I’m intrigued by their differing characteristics. Tyler Wilson narrow boats, for example, are said to handle beautifully thanks to their long “swims”
— something to do with the way the hull tapers. Les Allen boats boast elegant curves. While Hancock and Lane are solidly engineered vessels with a slight tendency towards chubbiness.

Then there are the classic engine makers: Lister, Perkins, Russell Newbury and Gardner — marques that recall the lost oil age of British engineering. I’m gripped before I’ve even heard their siren ‘putt putting’!

Scanning the adverts on the wonderfully named Apollo duck — the website listing boats for sale — I find myself drawn to the woody idiosyncrasies of older boats, rather than the sleek elegance of the modern, bespoke vessels. It’s not just a matter of taste. A new narrow boat with a posh kitchen and wet room can cost £120,000 or more. A well-maintained, timber-lined old timer with more spartan facilities might be had for £25,000 — a bit closer to my price-range.

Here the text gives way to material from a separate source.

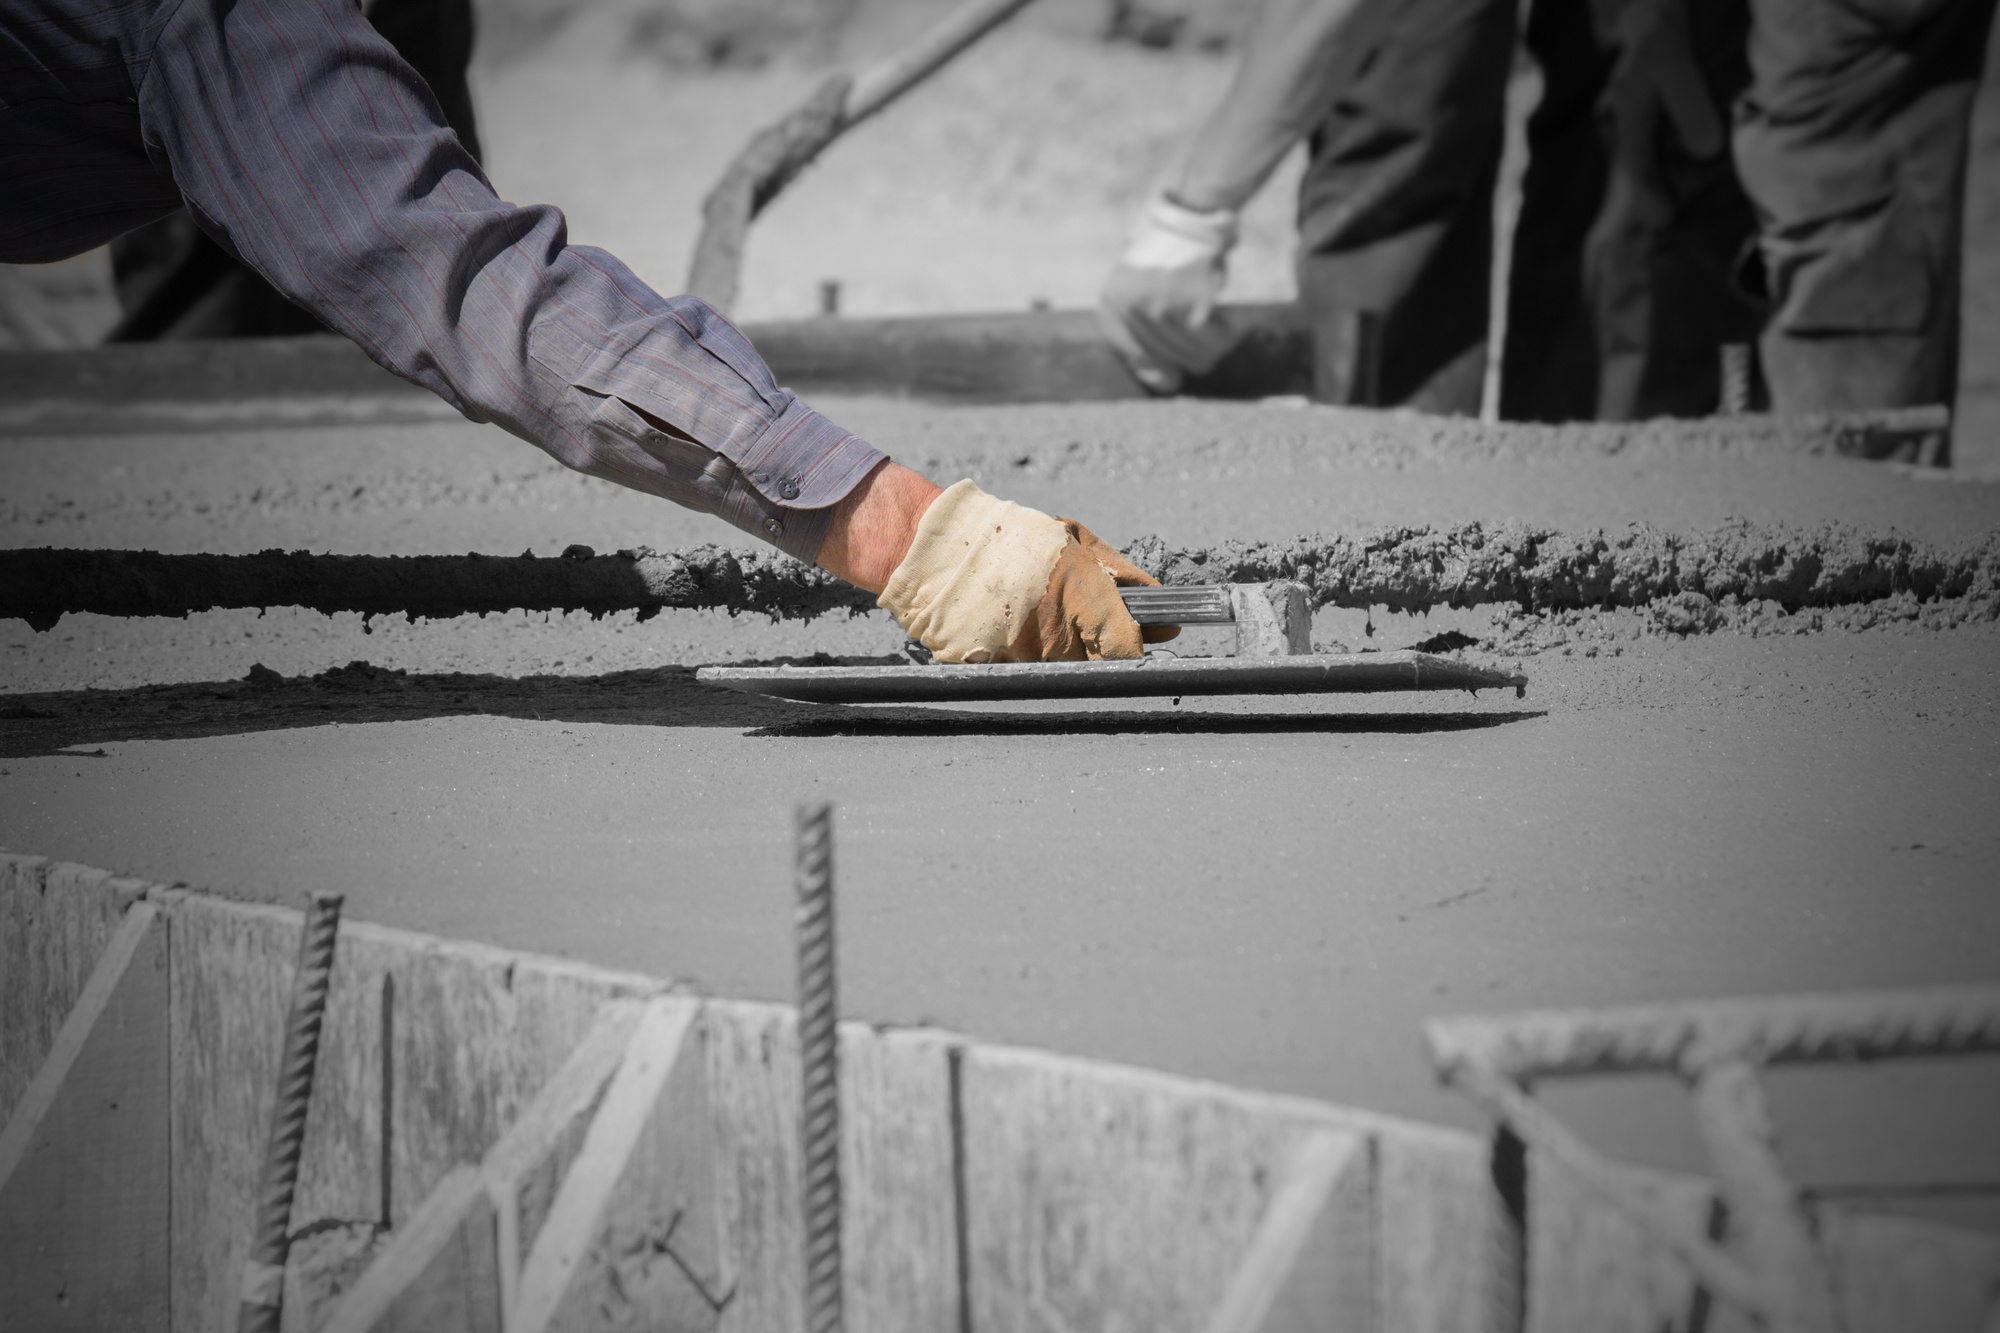 Construction workers leveling concrete pavement

Hours idle by, like landscape past a porthole, as I compare and contrast the merits of the ‘Nauti-Lass’ and the ‘Narrow Escape’ with ‘Cirrhosis of the River’ and ‘Passing Wind’. Which was most recently blacked? When was its stern gland last packed? What news of its sacrificial anodes? There is nothing quite like an alien vocabulary to draw one into a brave new world. I’m mesmerised by bow thrusters and rubbing strakes; agog at cratch covers and the tumble home. [See glossary below].

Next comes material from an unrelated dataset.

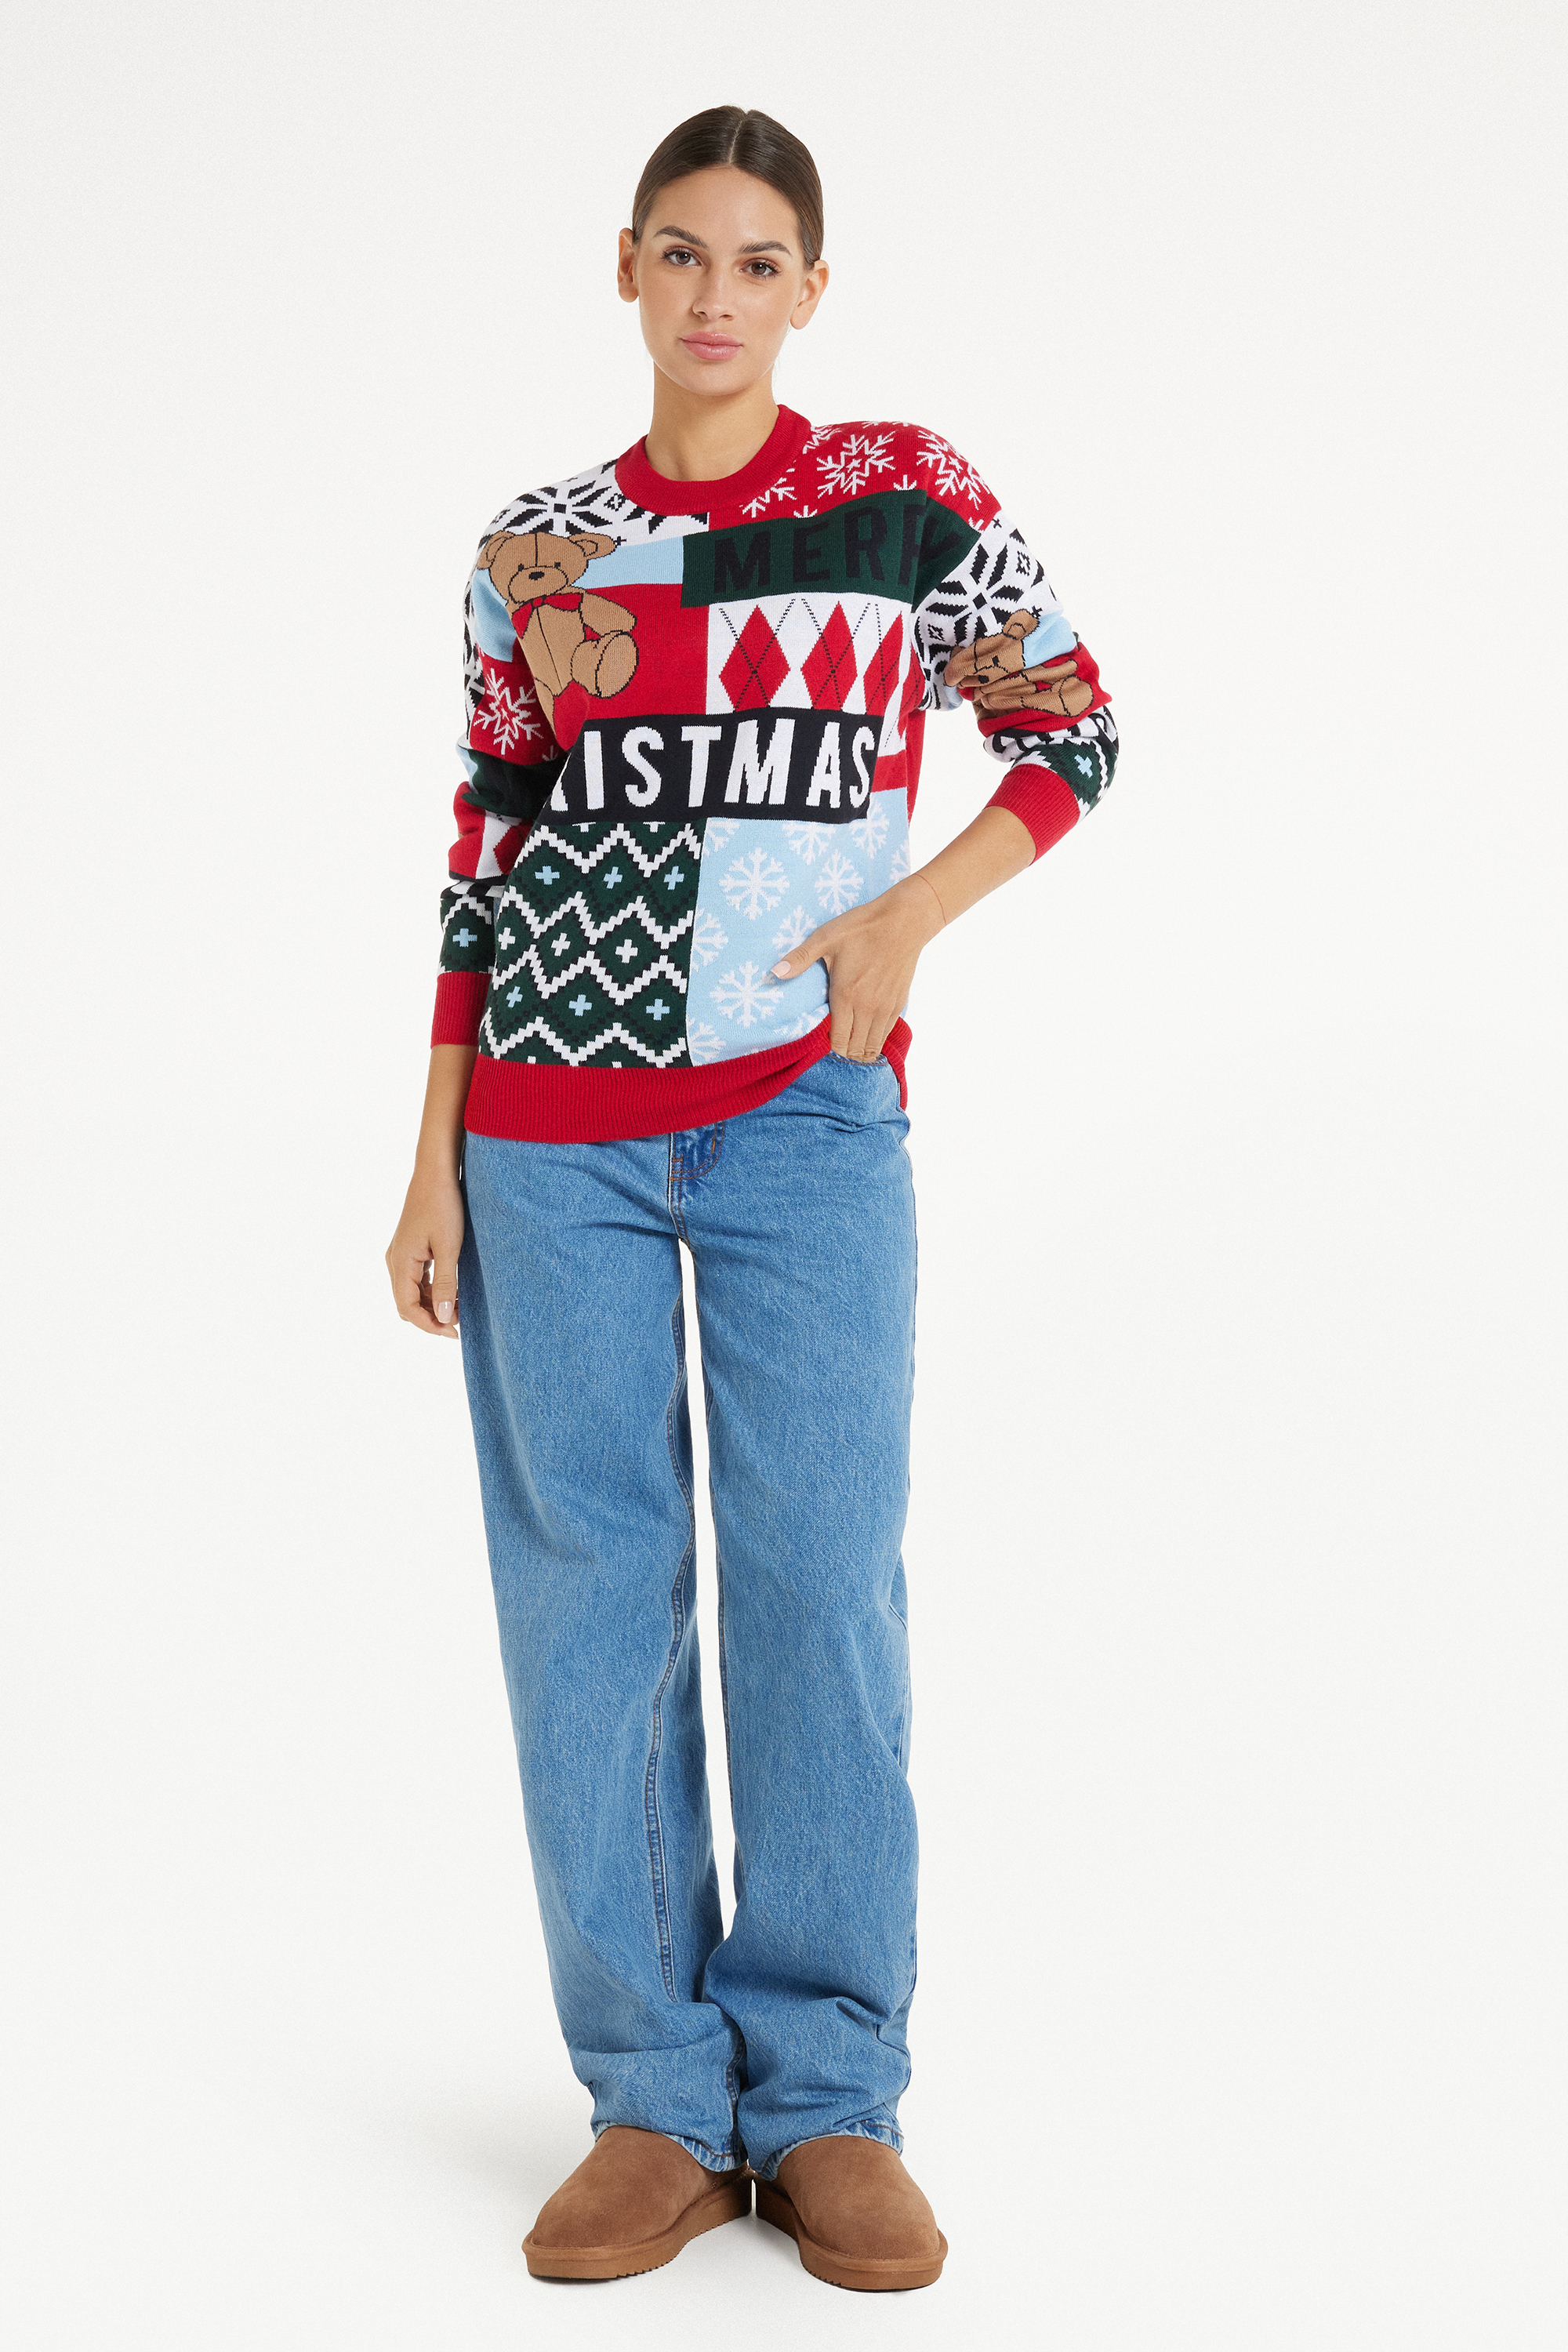 Unisex Long-Sleeve Christmas Sweater

Next month I’ll finally get some practical boating experience. I’m spending a weekend with an old friend — a narrow boat skipper of long experience. He’s promised an instructive voyage encompassing “mooring, knots and tasteful sea shanties.” I’m about to learn whether real-life experience on the canals will live up to my fascination with the language of narrow boating. Watch this space.

GLOSSARY

  • “Blacking”. Every three years or so the steel hull of a narrow boat is “blacked” with layers of bitumen paint to prevent corrosion.
  • The “stern gland” (I think) is a box packed with grease which encases the propellor shaft preventing the ingress of water.
  • “Sacrificial anodes” are blocks of magnesium attached below a boat’s waterline to protect the hull against rust.
  • “Bow thrusters” are additional, small motors attached to tubes at the front of the boat to assist steering.
  • “Rubbing strakes” are strips of metal welded to the hull to protect it from impacts with the canal bank or bottom.
  • “Cratch covers” are the tent-like, tailored tarpaulins which cover the sitting area in the bows of a boat.
  • The “tumble home” is the inward-lean of the boat’s superstructure — angled to prevent it scraping against the side of bridges and tunnels.